- Opening Delimiter -

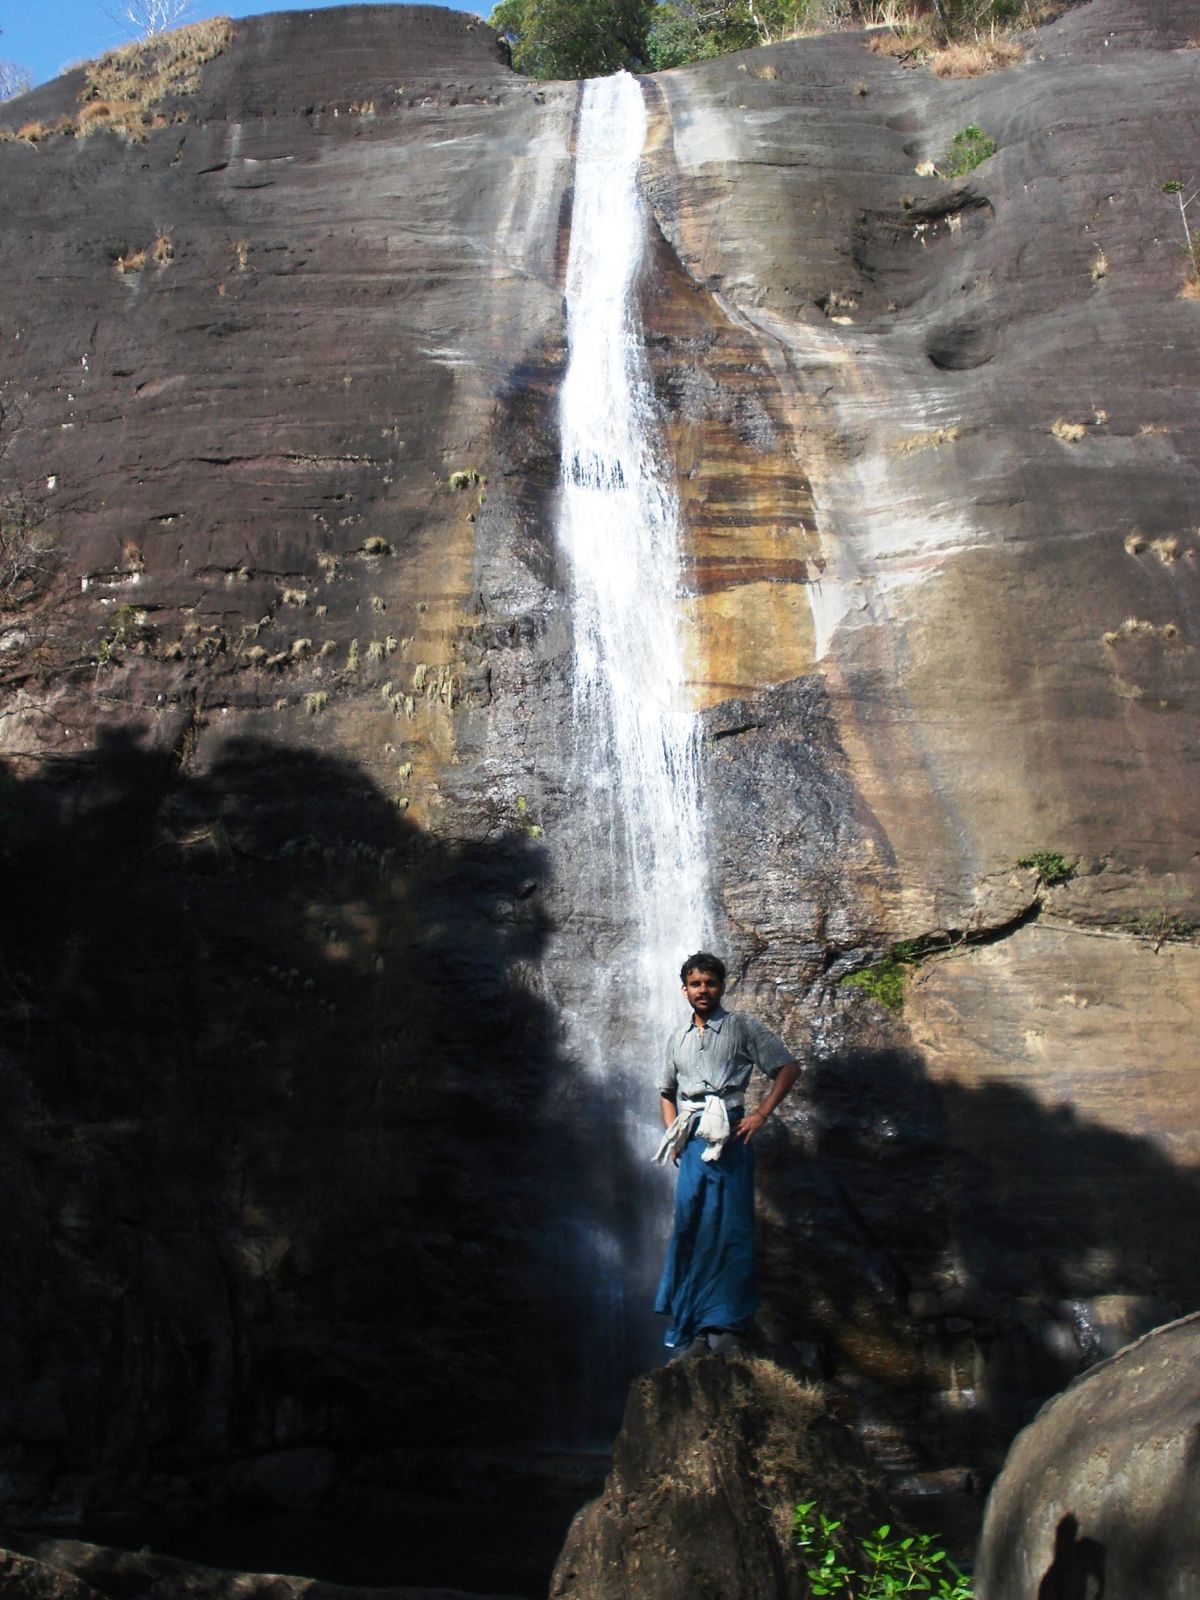 a man standing on the rocks below a waterfall
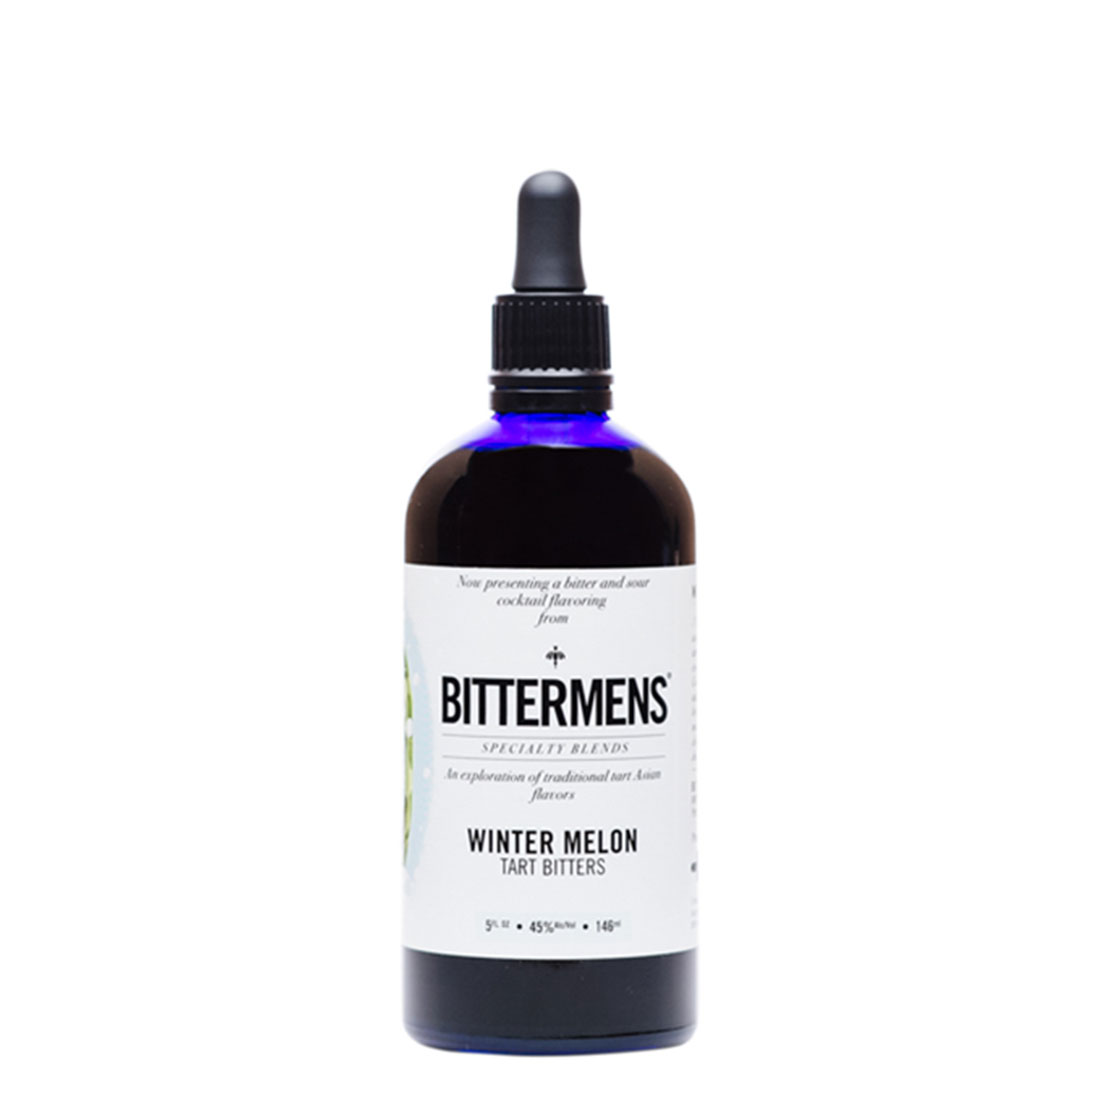 LB_Bottle-Bittermens-Winter-Melon-Bitters
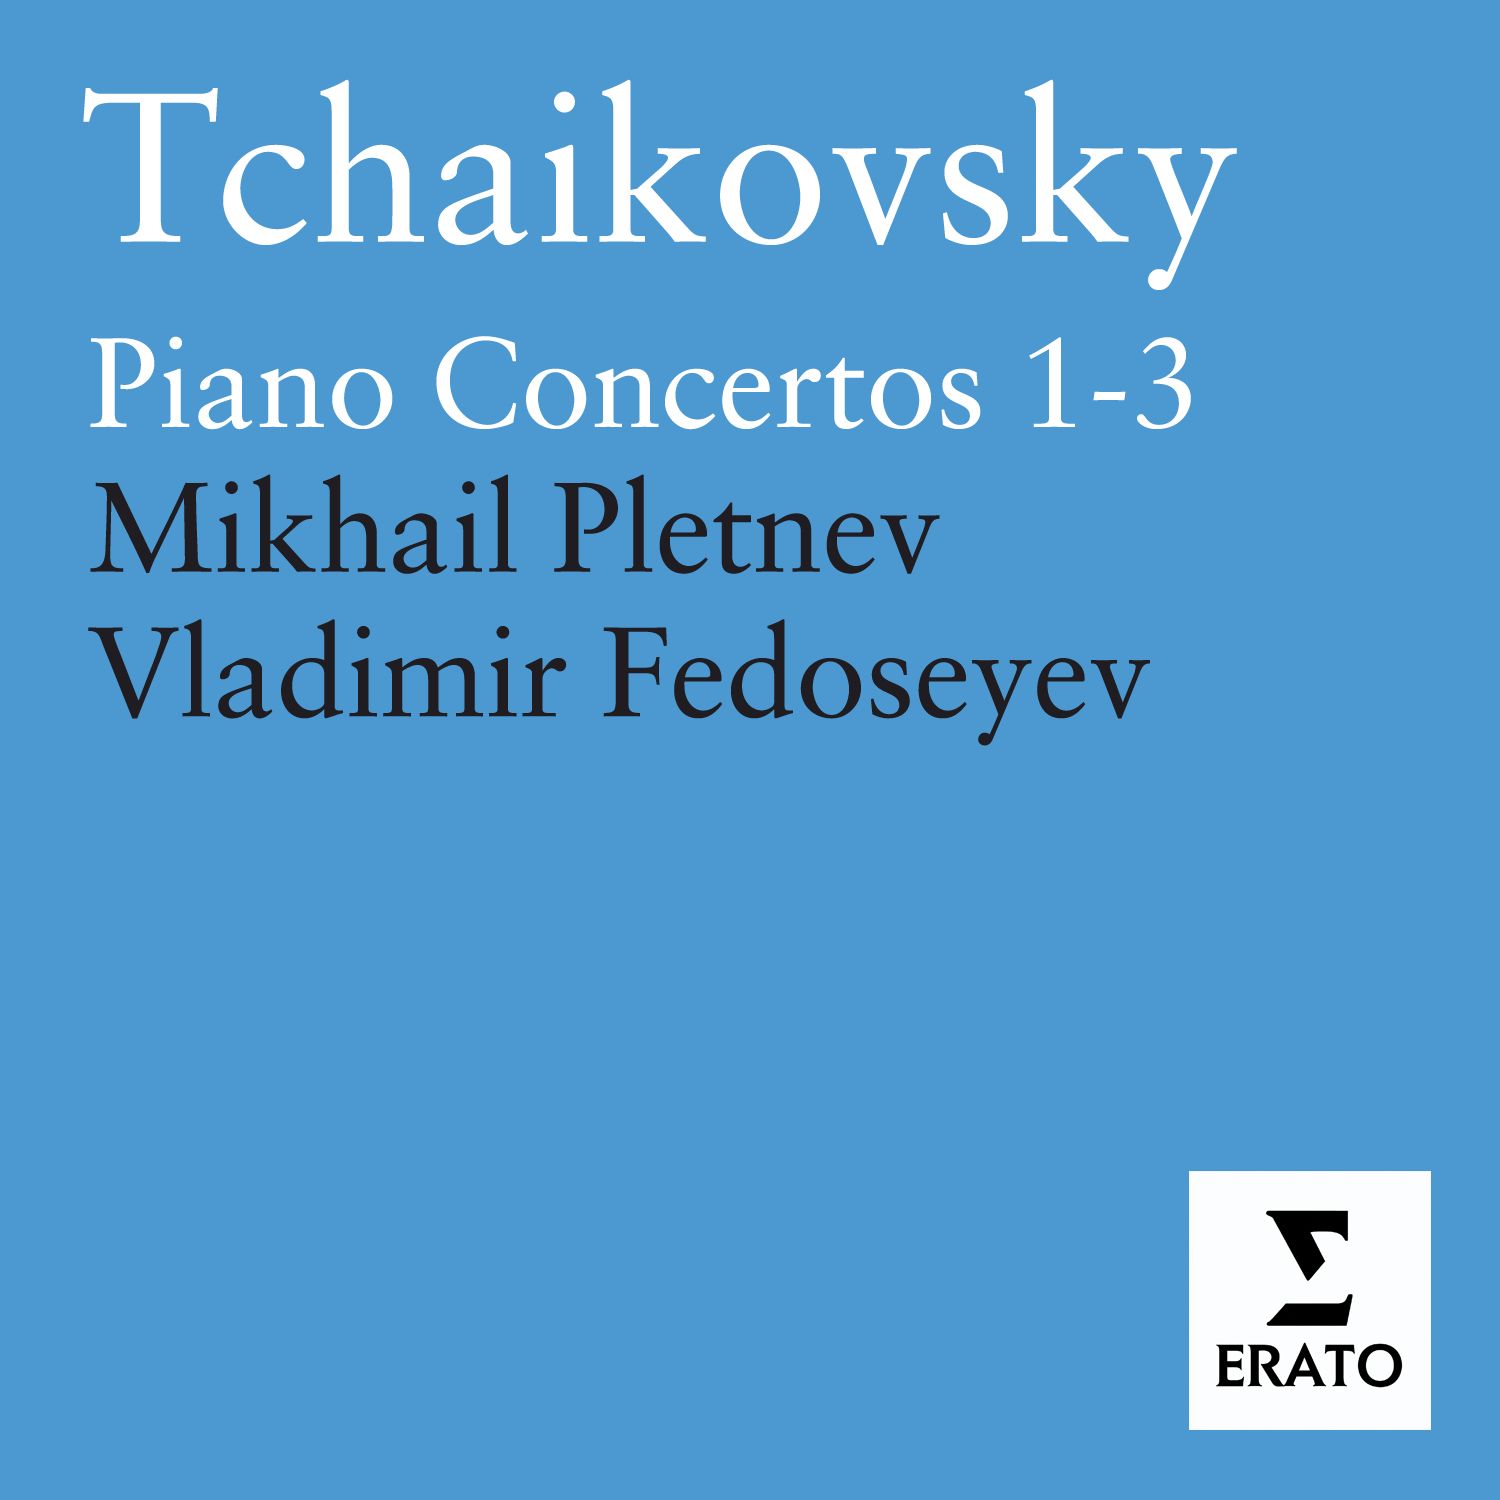 Piano Concerto No. 2 in G, Op.44: I. Allegro brillante

- Closing Delimiter -

_Your instructions_.
Exactly as written, return each line above and leave the pictures behind.

_Exercise result_.
 a man standing on the rocks below a waterfall
 LB_Bottle-Bittermens-Winter-Melon-Bitters
 Piano Concerto No. 2 in G, Op.44: I. Allegro brillante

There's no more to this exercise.